Alaskans across the political spectrum are now acknowledging that renewable energy will have to provide a larger share of Alaska’s power in the future. Republican Gov. Mike Dunleavy’s administration is working on a bill to make geothermal projects more affordable. And Hilcorp itself is looking into turning some of its old Cook Inlet oil platforms into tidal sites. That’s on top of multiple other permitted tidal projects that would turn Cook Inlet’s massive tides — some of the biggest in the world — into power, but would take years to come to fruition.
Today, the Bradley Lake Hydroelectric Project, across Kachemak Bay, provides the cheapest power to the Railbelt. Utilities across the Railbelt have a stake in, and get power from, the project.
But that’s one of the only large-scale renewable energy projects in the region. Chris Rose with the Renewable Energy Alaska Project said utilities aren’t doing enough, and that it’s time to stop waiting around for the big homerun.
“I think there's always this notion that something is going to come in and change things,’ he said. “But the fact is is that we haven't got a gas pipeline yet, even though we've been talking about it for 40 years, and we've also never gotten a hometown discount on oil and gas in Alaska, so even though we produce oil and gas, we have some of the highest energy costs in the country.”
He has been trying to get legislation passed that would set a renewable portfolio standard, which would require electric utilities to get a certain percentage of their energy from renewables by a certain date.

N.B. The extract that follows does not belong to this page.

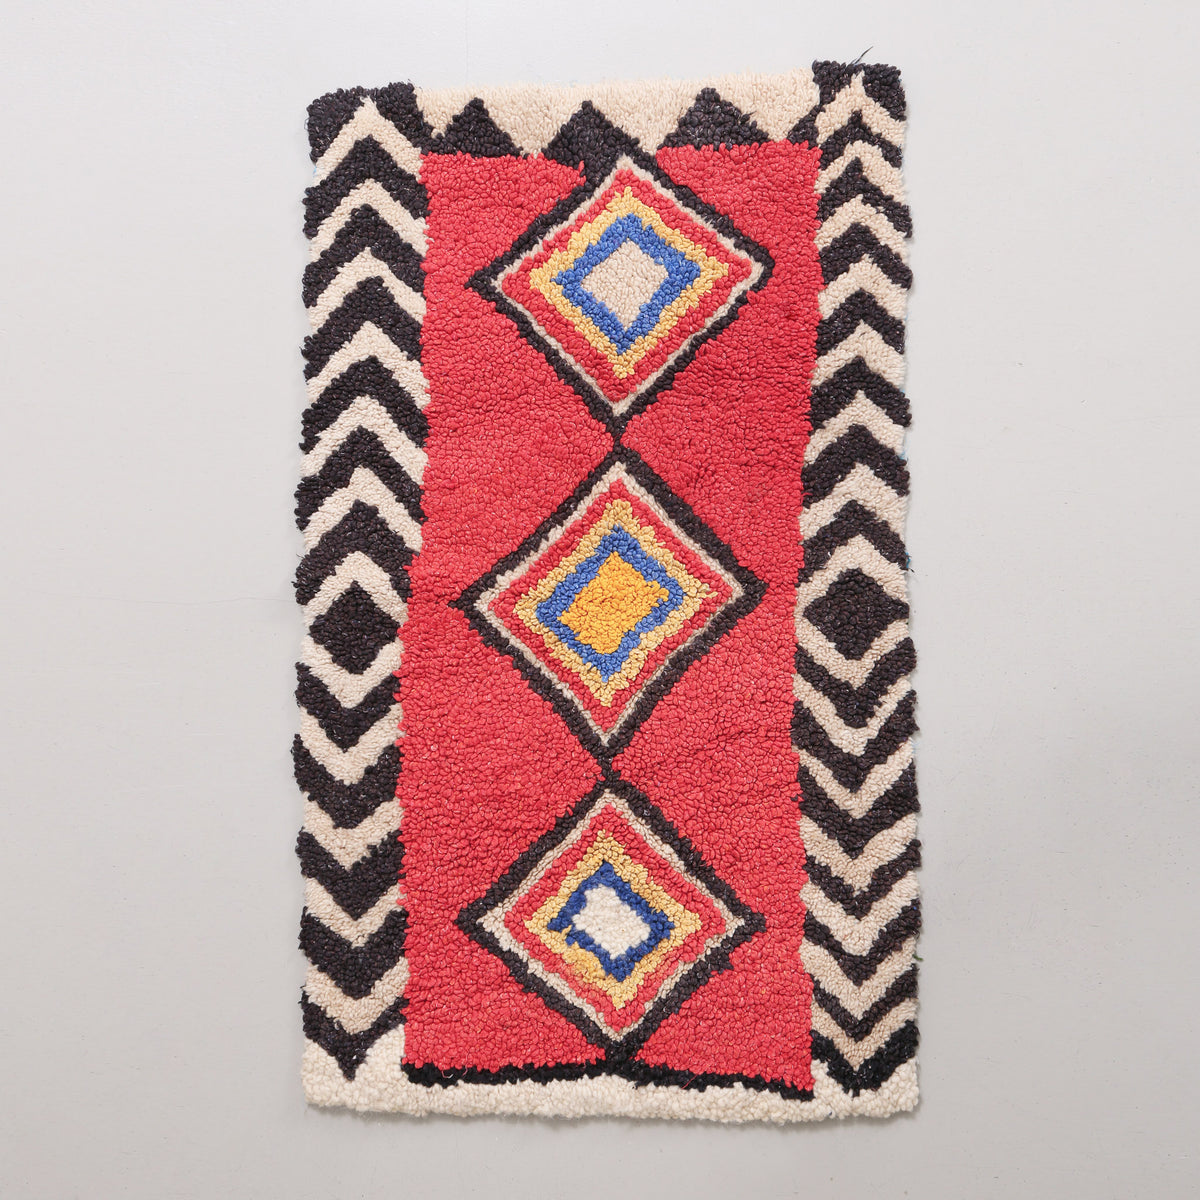 tappeto zindeck realizzato intracciando lana su un sacco di plastica. base in lana rossa con alla centro tre rombi colorati e bordi bianchi e neri

As it stands, those utilities have goals to incorporate renewables into their portfolio. Homer Electric Association, for example, has a goal of reaching 50% renewable energy by 2025 — a goal set by then-Gov. Sarah Palin’s administration. The utility says it’s in its best interest to not be so majorly dependent on one producer for power.
But with two years away from that non-binding deadline, HEA gets just 14% of its power from the Bradley Lake hydro project. It estimates it could meet about 25% of its demand with renewables by 2027, the year gas demand is expected to outpace supply, through another hydro project, a solar project and a landfill gas project, according to a January filing with the Regulatory Commission of Alaska.
Rose said aspirational goals are not good enough. His legislation would fine utilities about $20 per megawatt hour if they don’t meet certain standards — 25% renewable by 2027 and 80% by 2040.
He said those standards would help create competition among private energy companies — something the Railbelt doesn’t have much of now — that would generate power in state to sell back to the utilities.
And he said unlike LNG on the world market, energy from renewable projects in Alaska could be more stably priced.
He said it’s not just about Alaskans’ gas and electric bills, although that’s important. It matters a lot for the broader state economy.
“We already have very high energy prices in the Railbelt,” Rose said. “And so we can’t really afford to be increasing our energy costs. That’s going to impact businesses, that’s going to impact people’s decisions to invest here, and to live here.”
Rose’s standard, widely opposed by utilities, didn’t pass before the regular session ended. For most of the session, lawmakers were focused on big-ticket items like the PFD and school funding, rather than energy.
In the absence of action from lawmakers and utilities, some Alaskans are taking matters into their own hands.
Waterman, the Homer resident, said the solar panels, heat pumps and other energy efficient upgrades on his house help reduce the pressure he’s putting on the system.
“If we could get 25% of the homes on the Kenai with 5 to 10 kilowatts of of solar on them, that would make a significant dent in the gas that Homer Electric has to purchase — and keep our costs from rising quite as rapidly,” he said.
As an energy efficiency enthusiast, Waterman is maybe more attuned to his own rates than most.
But at the end of summer, when they switch on their lights and turn up their thermostats again, all Alaskans should be thinking more about how their lives could be impacted when the costs of doing so are a lot more expensive.